## WORK TO BE COMPLETED
Take every record and write it out again exactly, with no images included.
■ ■ ■ ■ ■
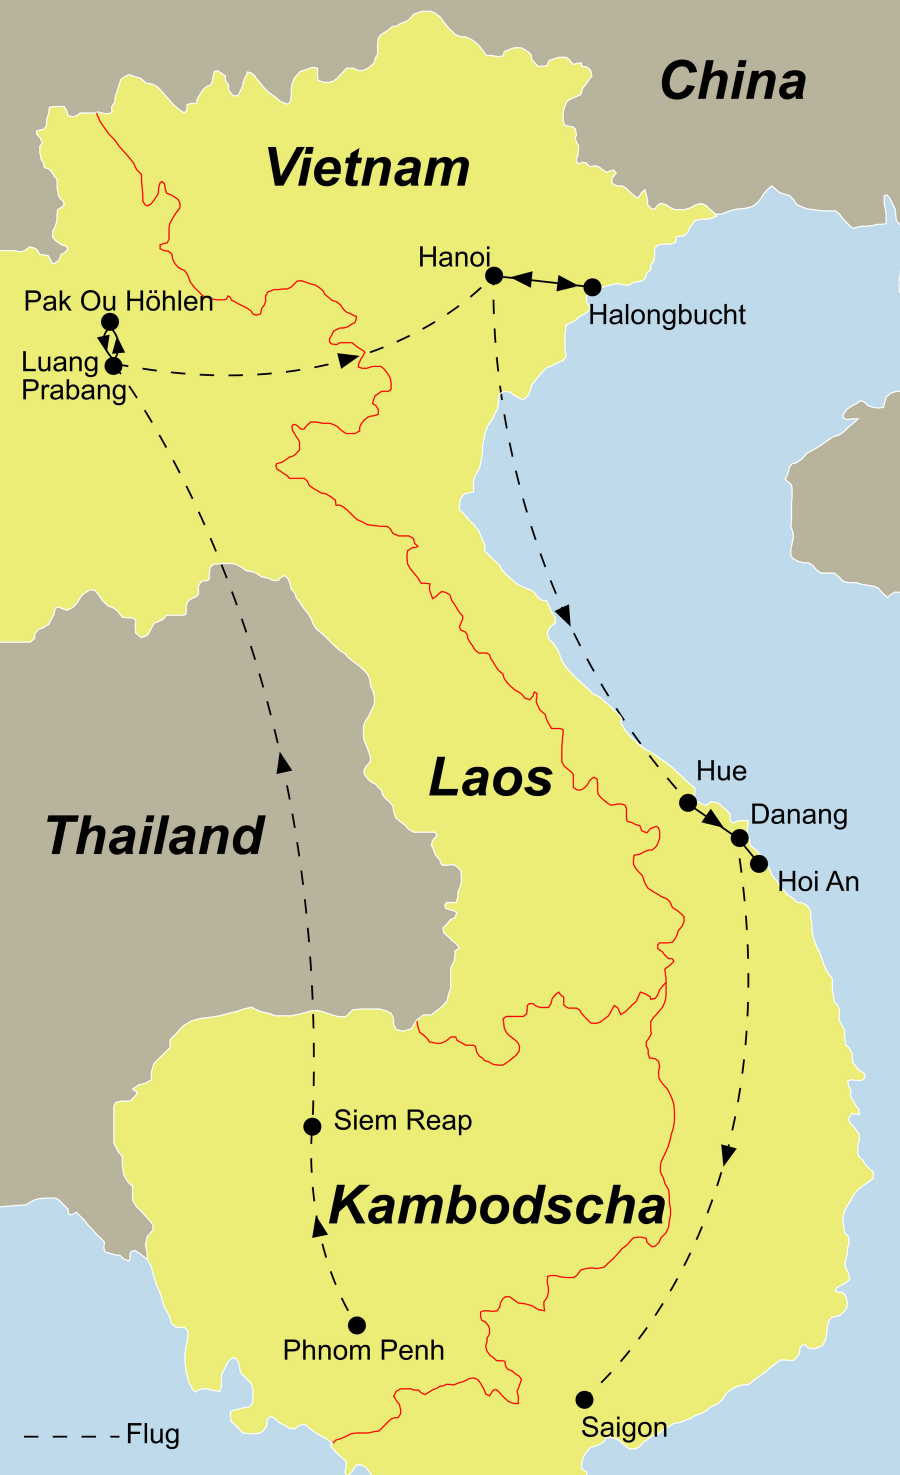 Der Reiseverlauf zu unserer Kambodscha Reise startet in Phnom Penh und endet in Saigon.
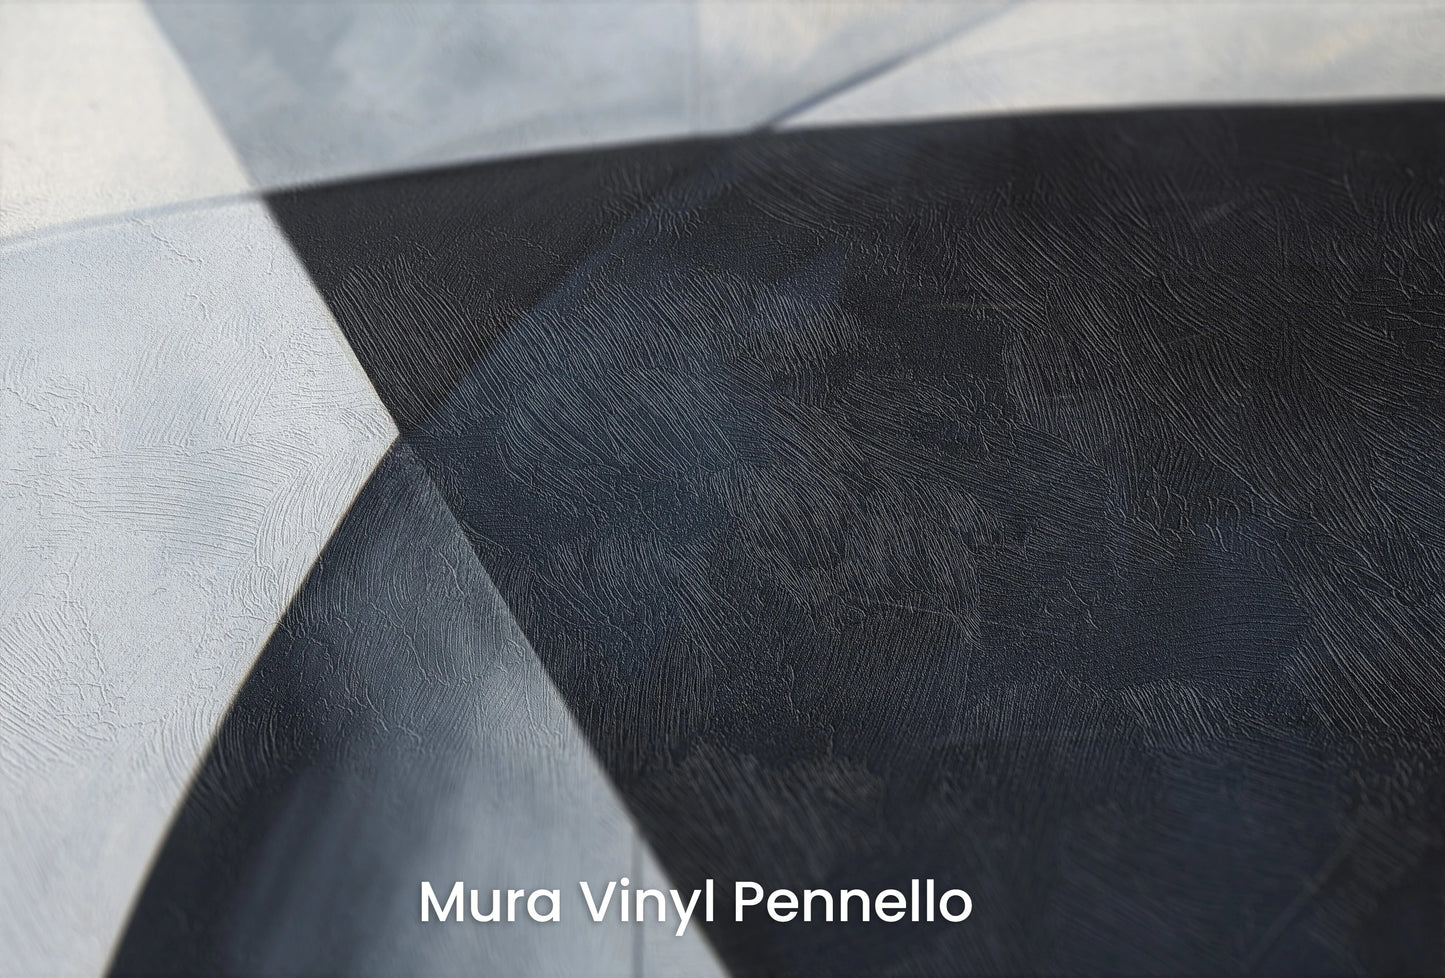 Zbliżenie na artystyczną fototapetę o nazwie Abstract Curves na podłożu Mura Vinyl Pennello - faktura pociągnięć pędzla malarskiego.
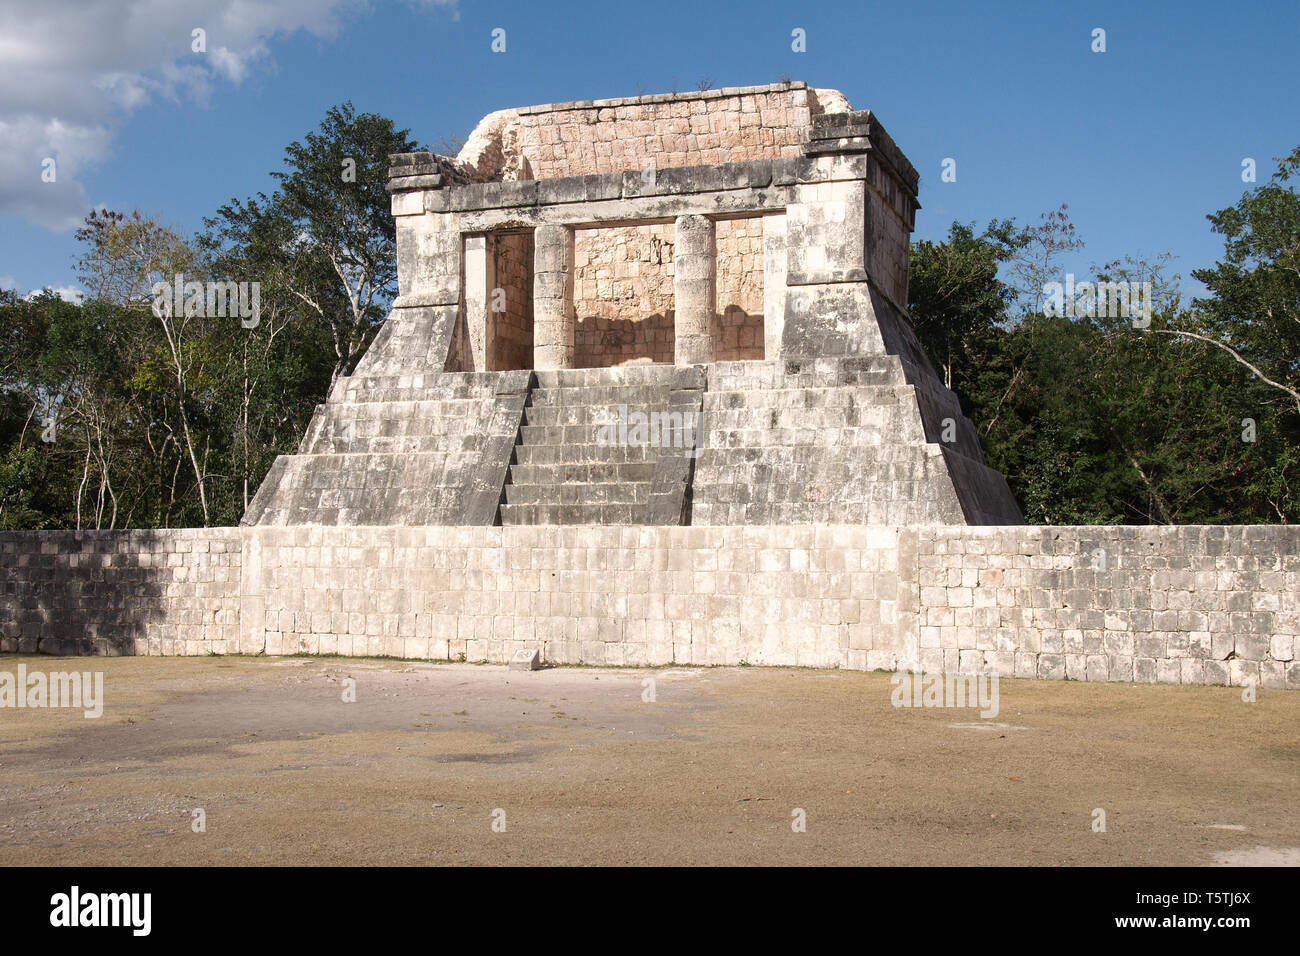 Blick auf die Ruinen der Maya auf der Chichen Itza Archäologische Stätte entfernt, die zum UNESCO-Weltkulturerbe gehört. Yucatan, Mexiko. Stockfoto
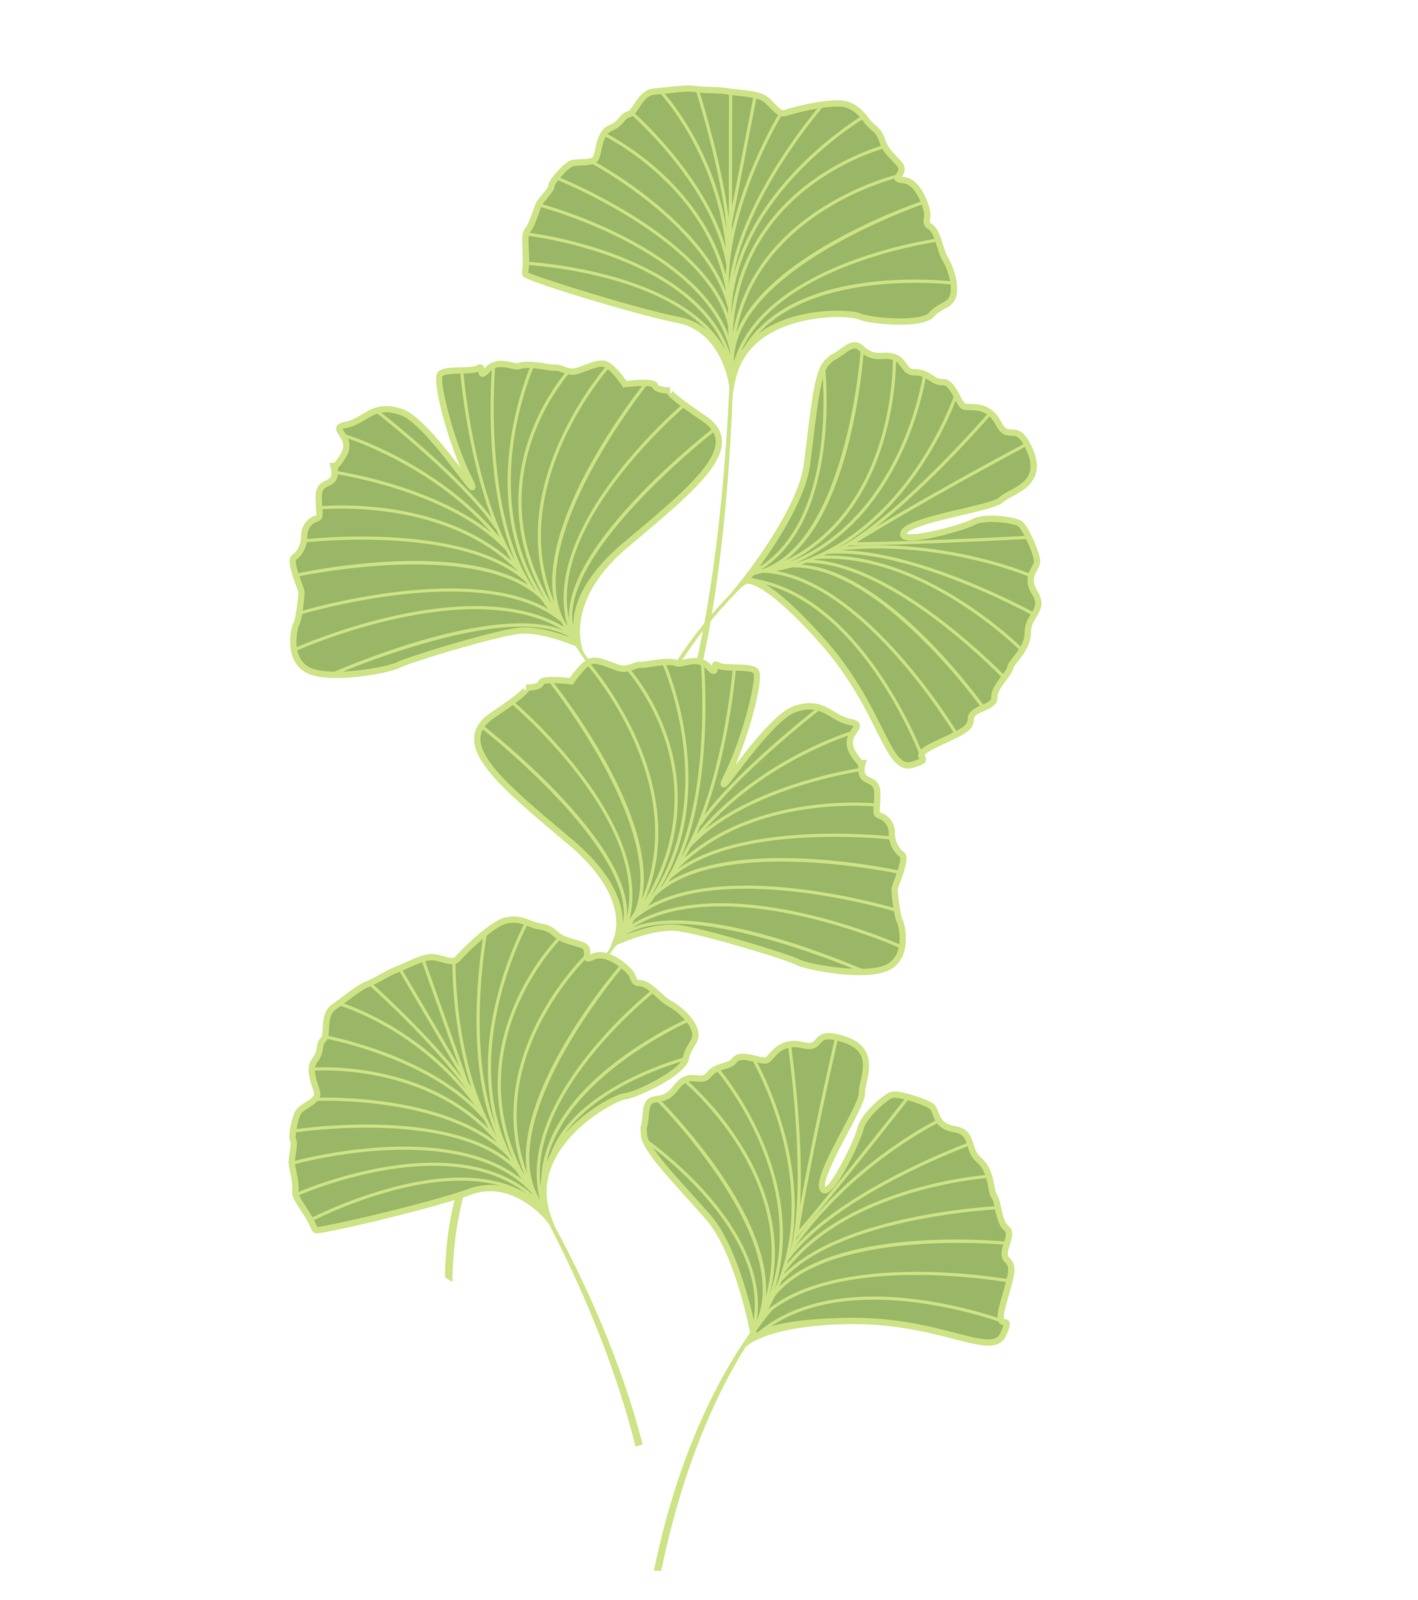 Ginkgo biloba leaves by odina222
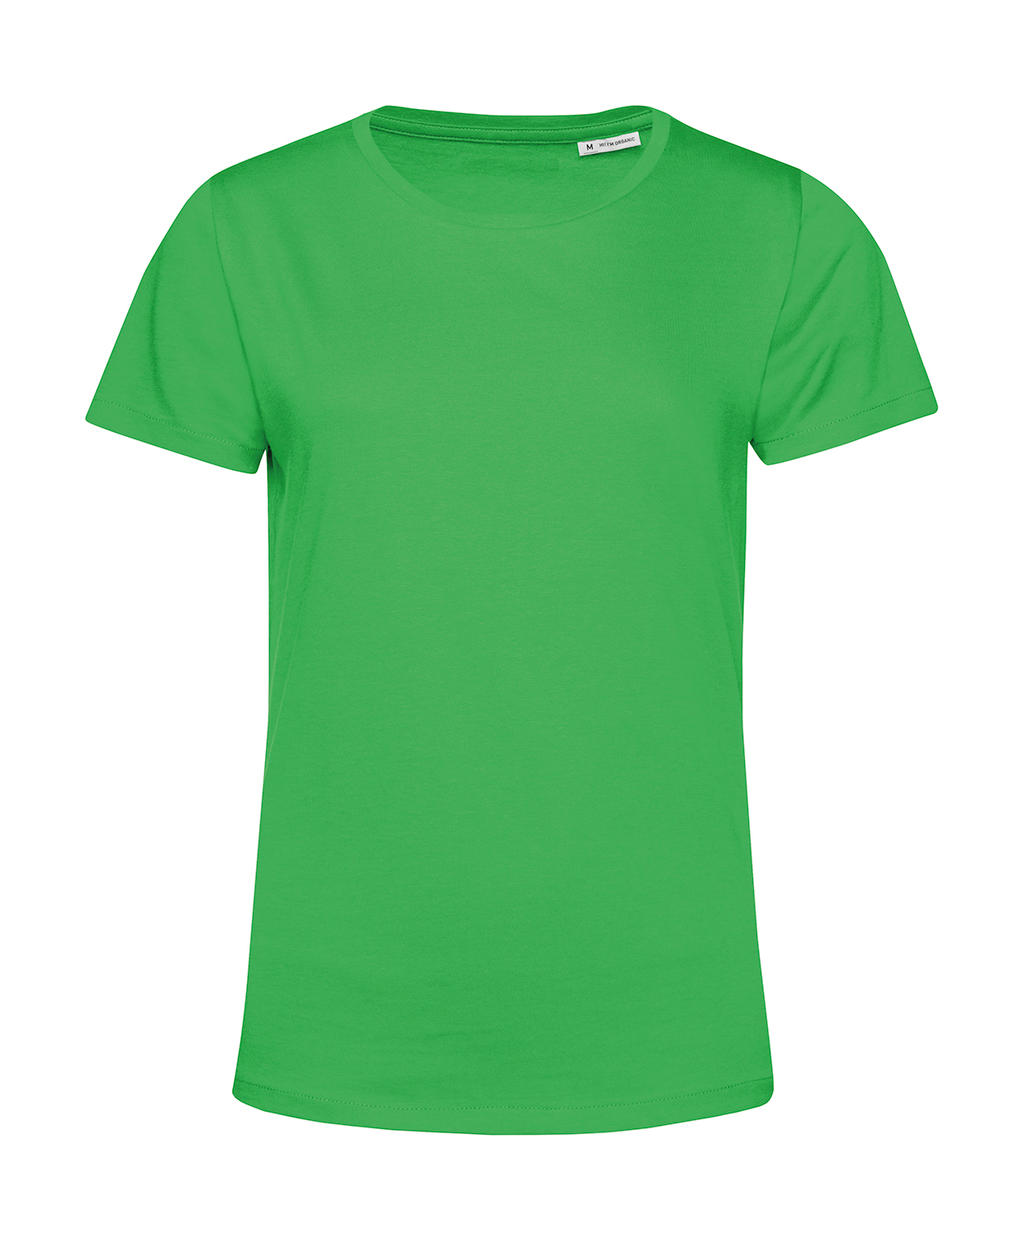 Tričko dámské BC Organic Inspire E150 - zelené, XL
■ ■ ■ ■ ■
## REPLY TO THE EXERCISE
 Der Reiseverlauf zu unserer Kambodscha Reise startet in Phnom Penh und endet in Saigon.
 Zbliżenie na artystyczną fototapetę o nazwie Abstract Curves na podłożu Mura Vinyl Pennello - faktura pociągnięć pędzla malarskiego.
 Blick auf die Ruinen der Maya auf der Chichen Itza Archäologische Stätte entfernt, die zum UNESCO-Weltkulturerbe gehört. Yucatan, Mexiko. Stockfoto
 Ginkgo biloba leaves by odina222
 Tričko dámské BC Organic Inspire E150 - zelené, XL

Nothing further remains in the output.